Your instructions ▸ Return all of the data exactly, with nothing left out but the pictures.

The data ▸
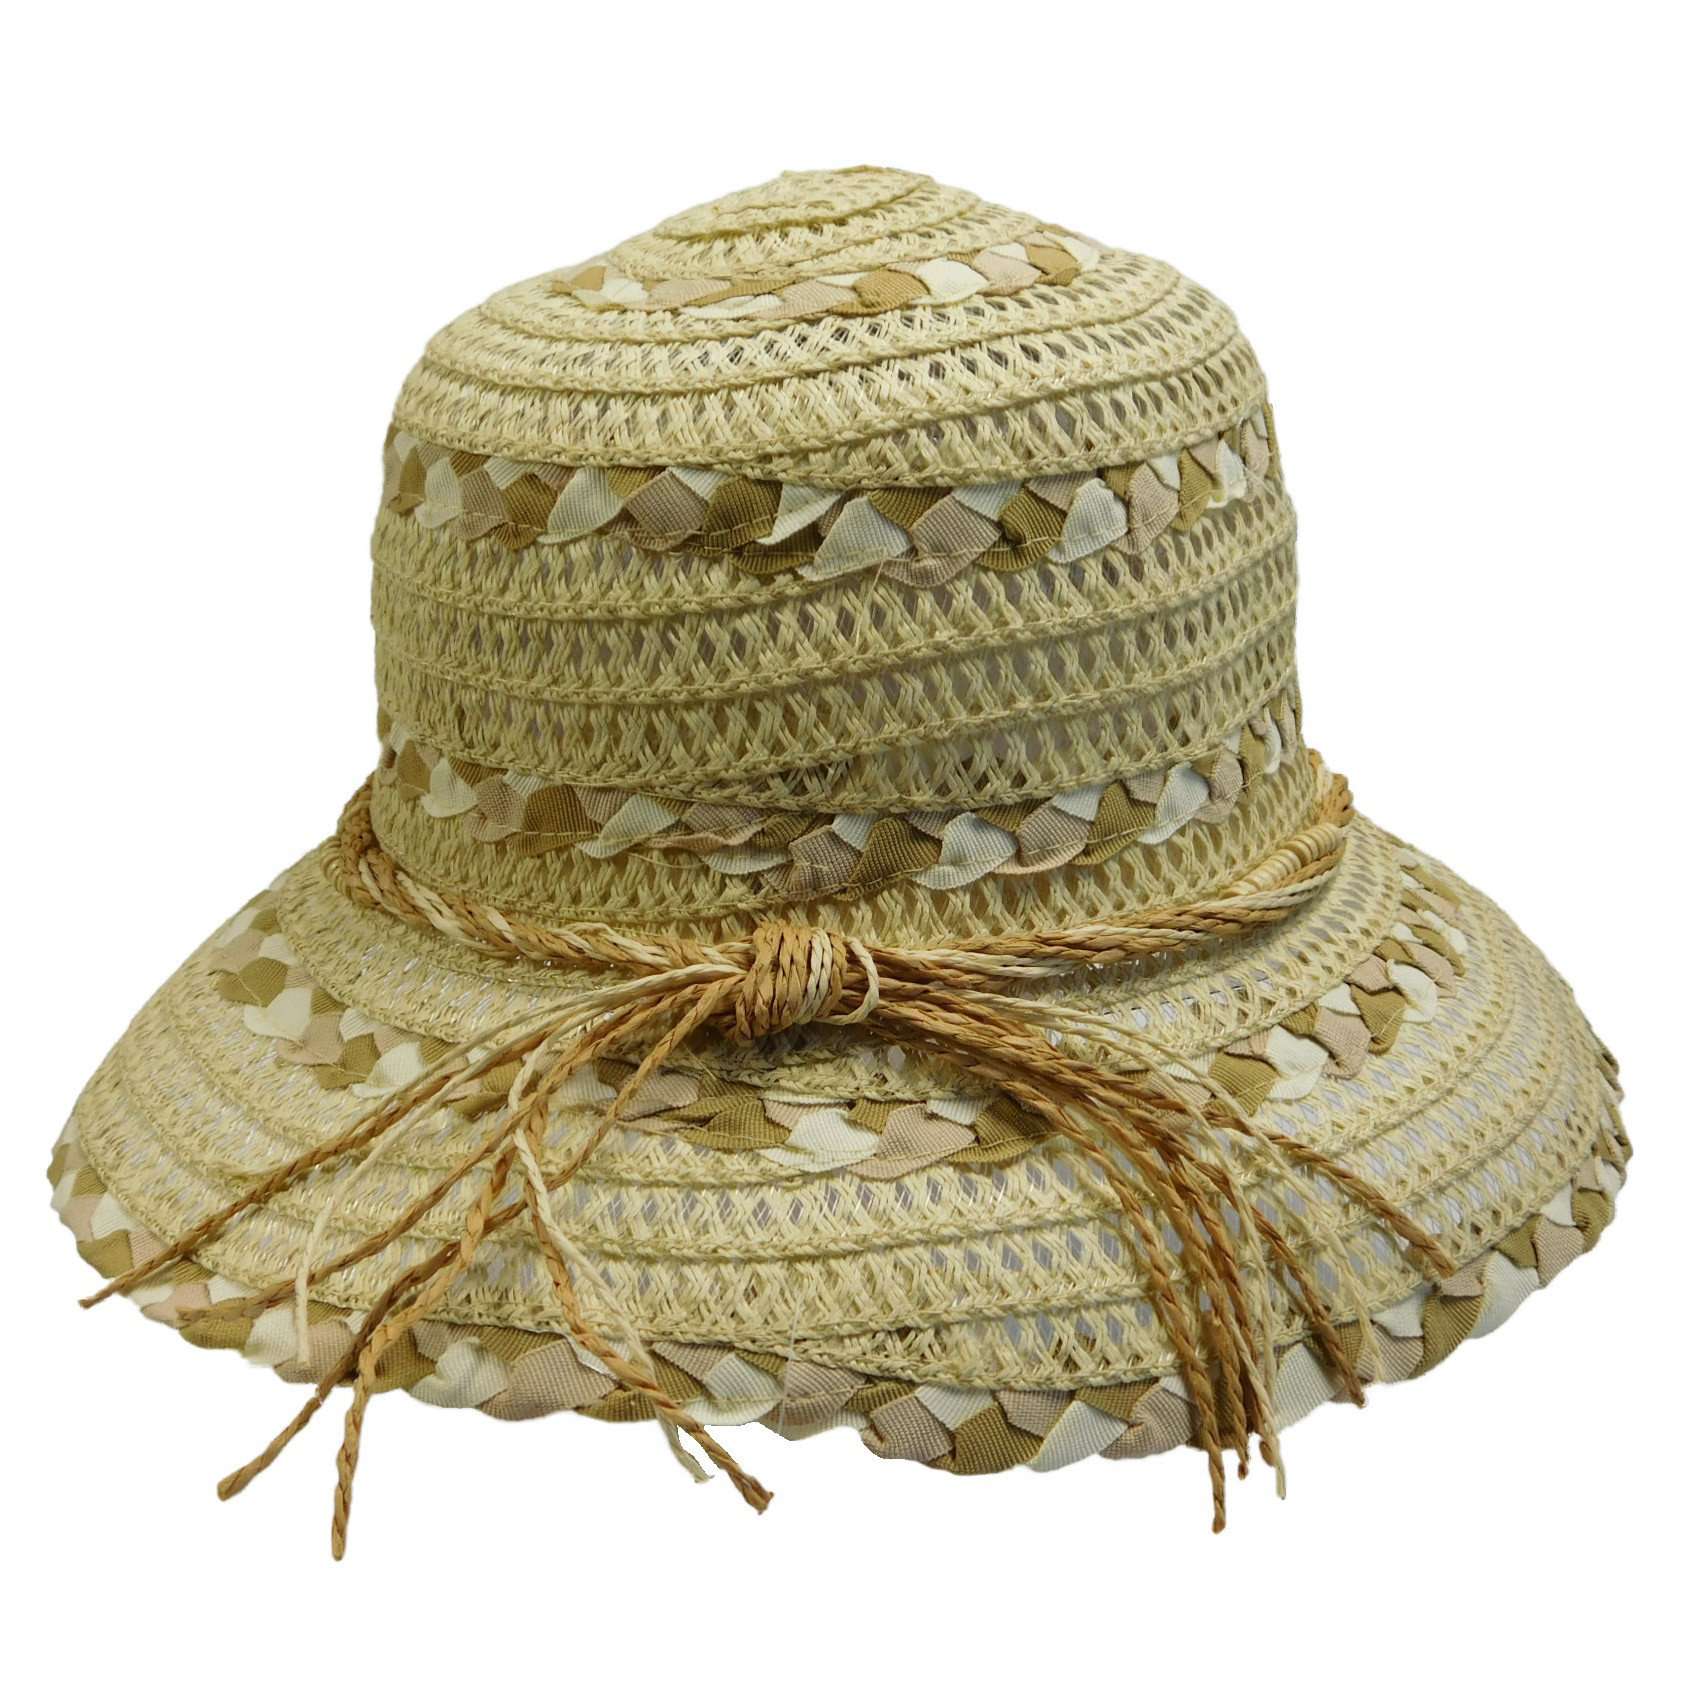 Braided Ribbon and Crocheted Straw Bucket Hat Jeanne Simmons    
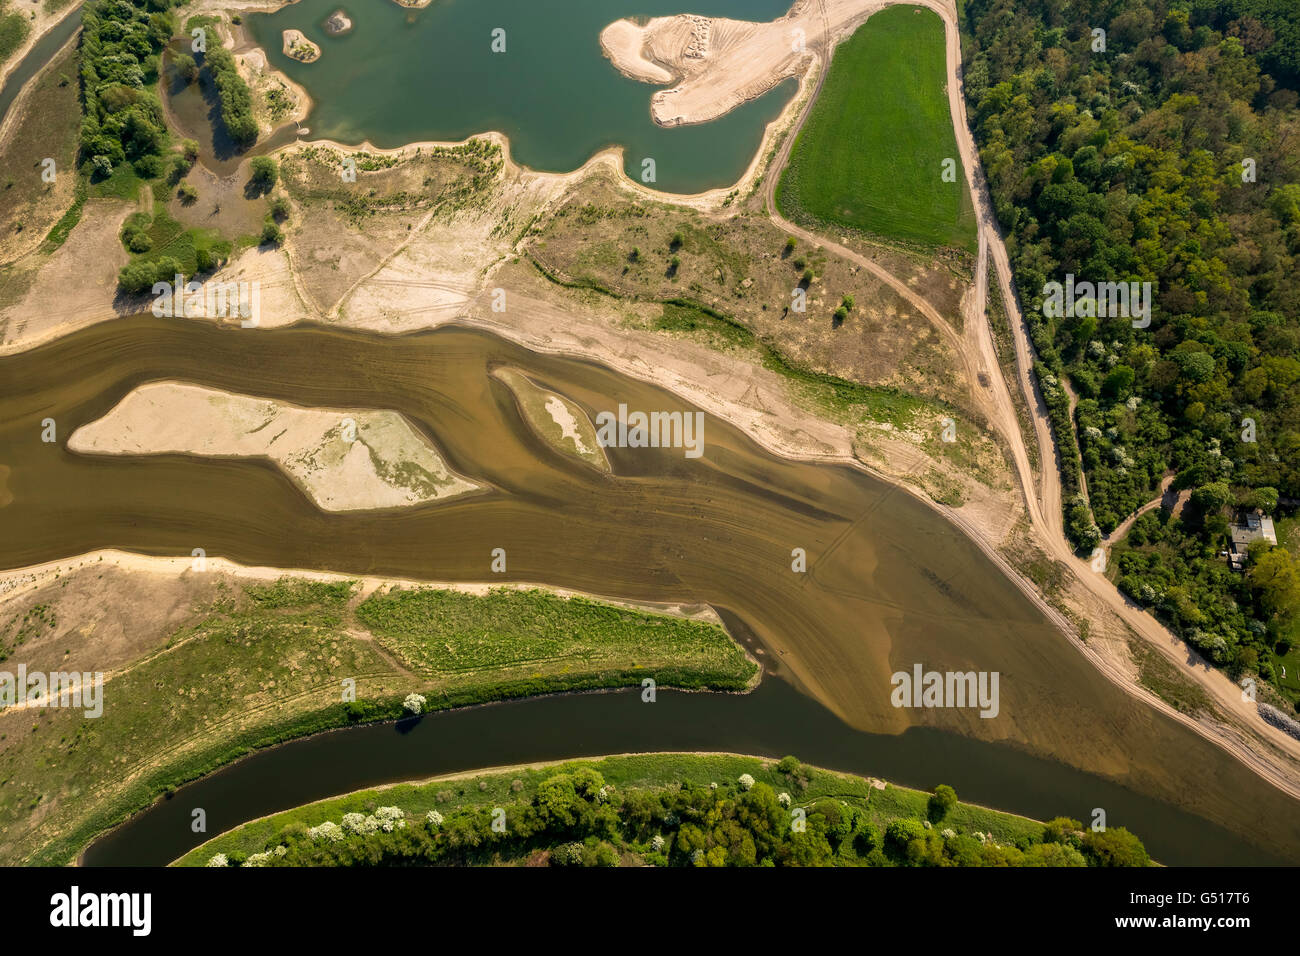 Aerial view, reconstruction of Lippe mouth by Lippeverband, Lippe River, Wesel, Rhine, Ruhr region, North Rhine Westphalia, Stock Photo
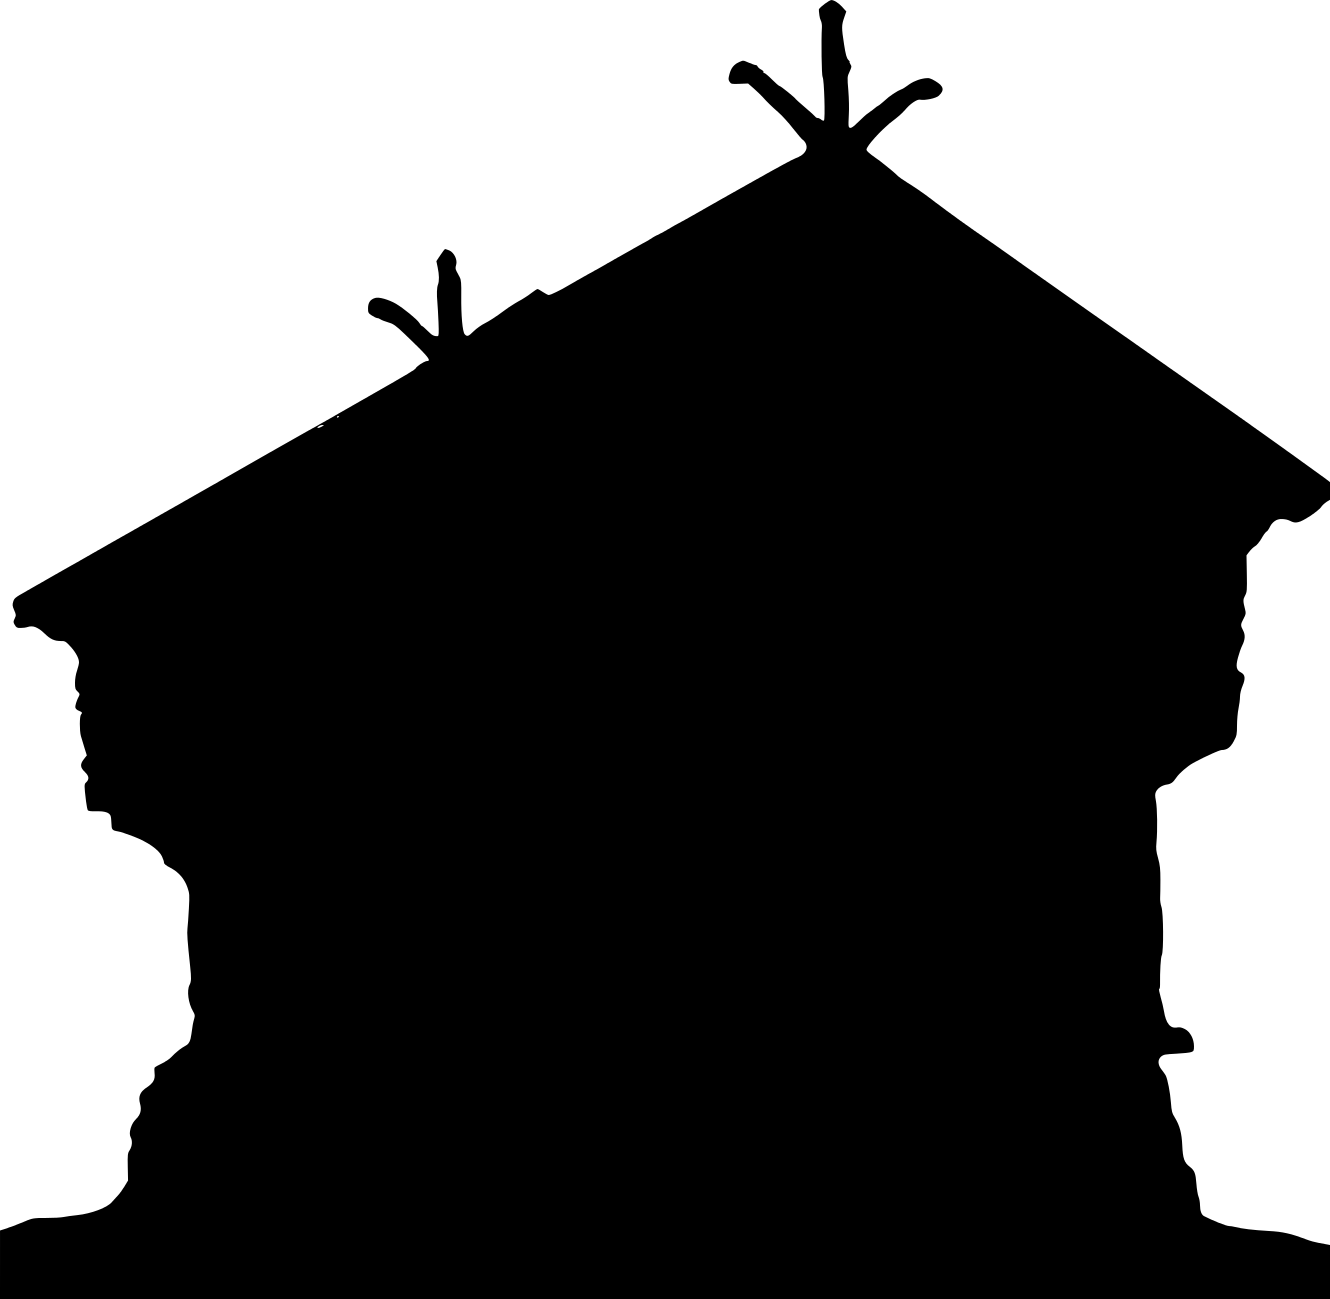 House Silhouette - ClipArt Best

Response below ▸
 Braided Ribbon and Crocheted Straw Bucket Hat Jeanne Simmons    
 Aerial view, reconstruction of Lippe mouth by Lippeverband, Lippe River, Wesel, Rhine, Ruhr region, North Rhine Westphalia, Stock Photo
 House Silhouette - ClipArt Best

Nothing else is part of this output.